Figure 1: Spearman correlation heat map with correlation coefficient and significance levels based on the mtcars data set.
Figure 1: Spearman correlation heat map with correlation coefficient and significance levels based on the mtcars data set.

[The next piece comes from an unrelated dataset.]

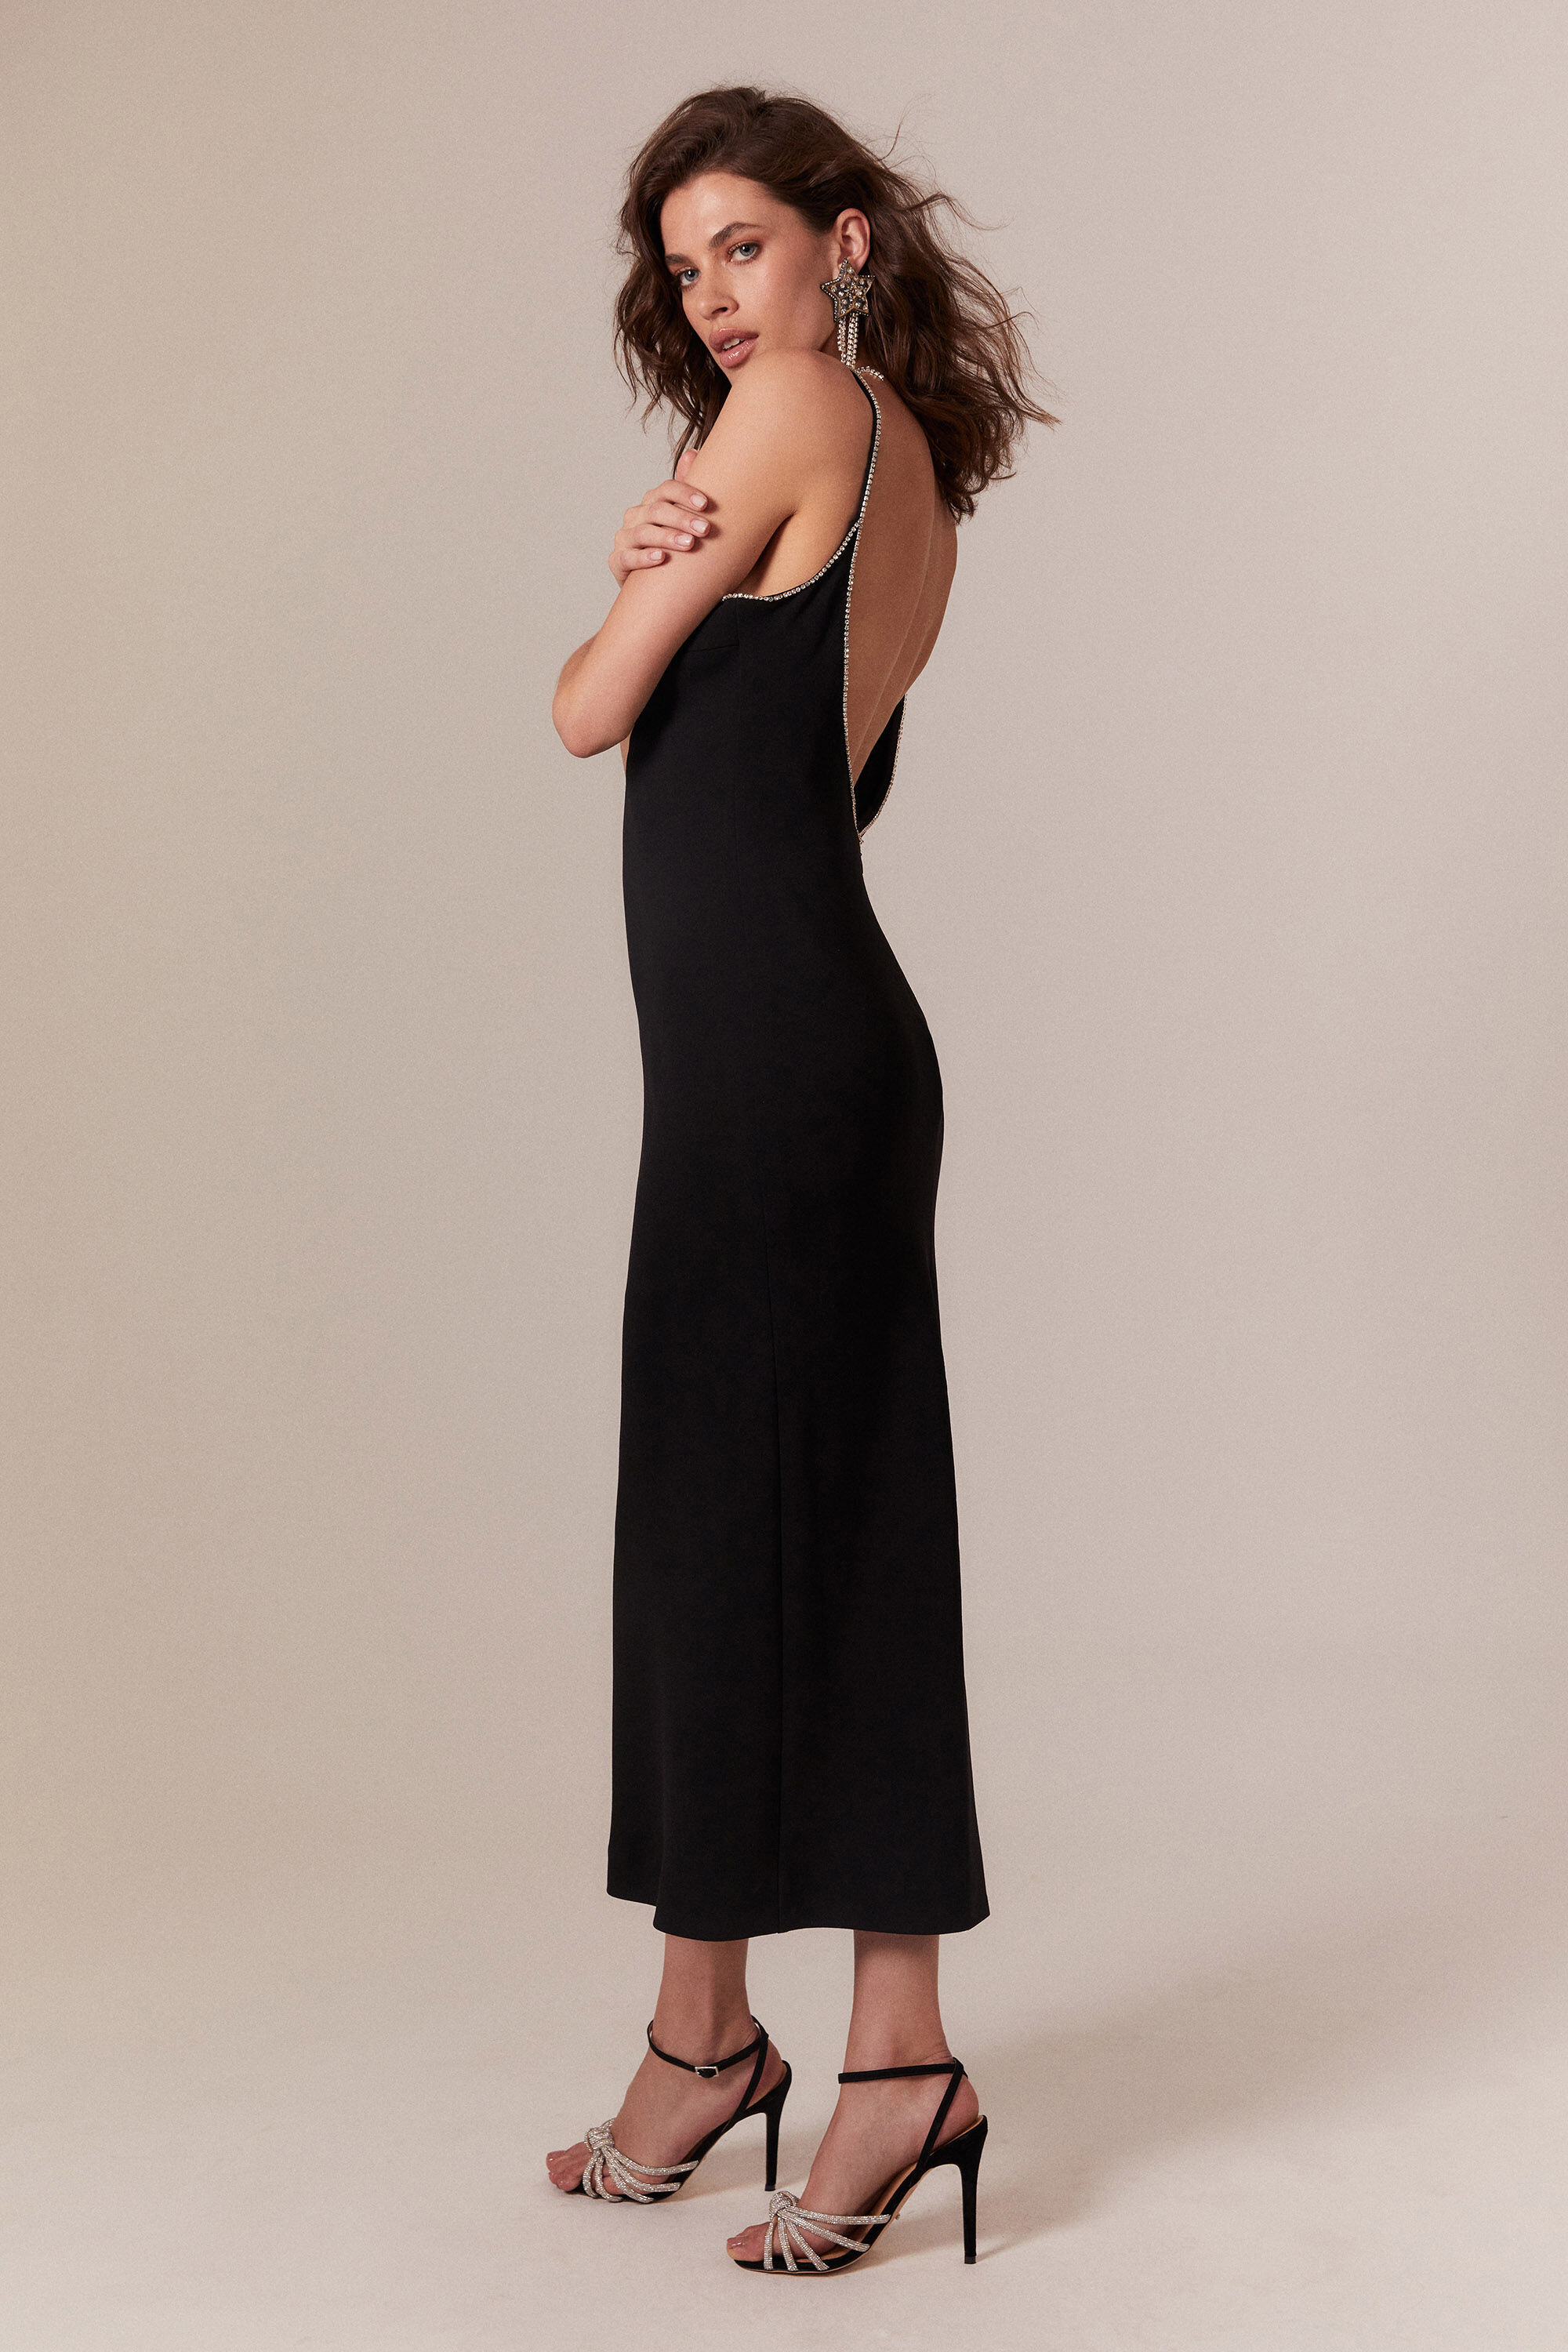 Vira Diamonte Dress In Black | Bardot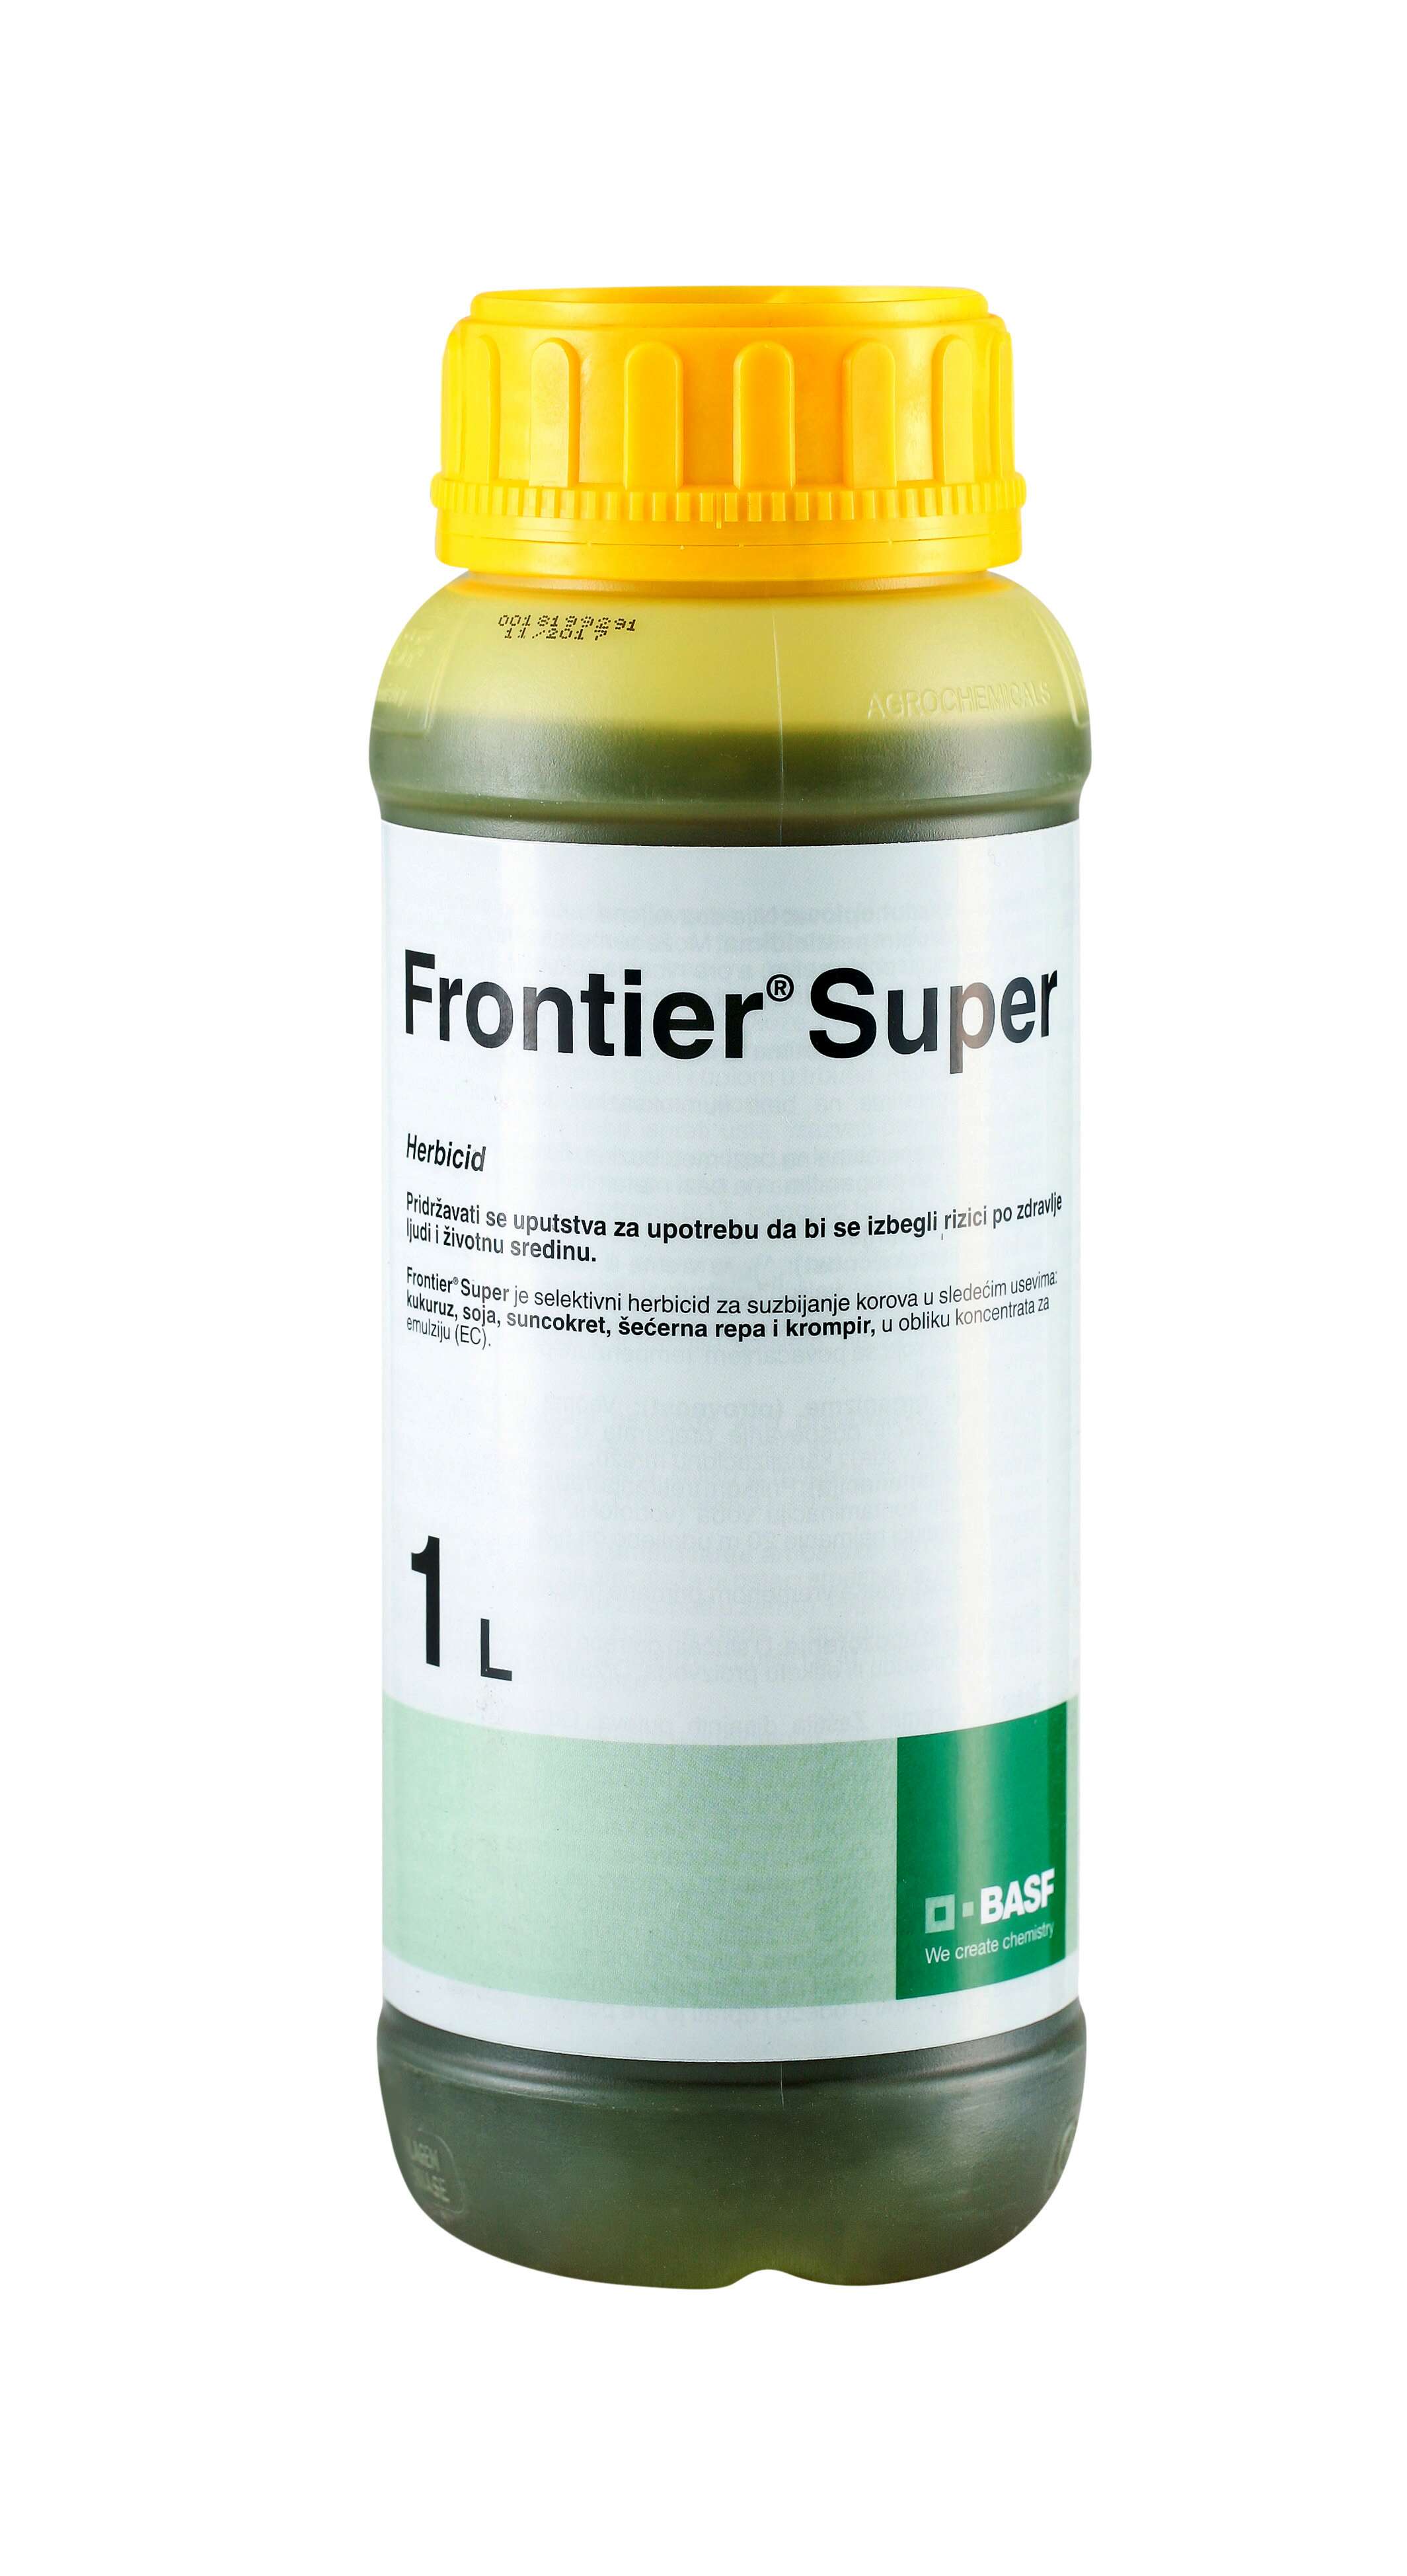 Frontier super

In a recent paper we included data from a survey we conducted. During the publication process, one of the reviewers asked for a more in depth statistical analysis of the data set. He (she?) explicitly expressed a special interest in correlating the variables of the survey in order to spot any interesting correlations. This posed a number of problems:

  1. The data set has 35 variables. This translates into a huge correlation matrix.

  2. There are many ways to correlate variables. In my field the Pearson product-moment correlation coefficient (Pearson's r) and the Spearman's rank correlation coefficient (Spearman's rho) are the most common ones. Which one should I choose and why?

  3. Correlations by themselves are not very useful. You, most likely, want to have at least some information about the statistical significance of the correlation.

The Data Set

For the sake of demonstration we will use the mtcars data set, provided by the stats package. The data set includes 11 variables with 32 observations, hence rendering the task a bit more manageable.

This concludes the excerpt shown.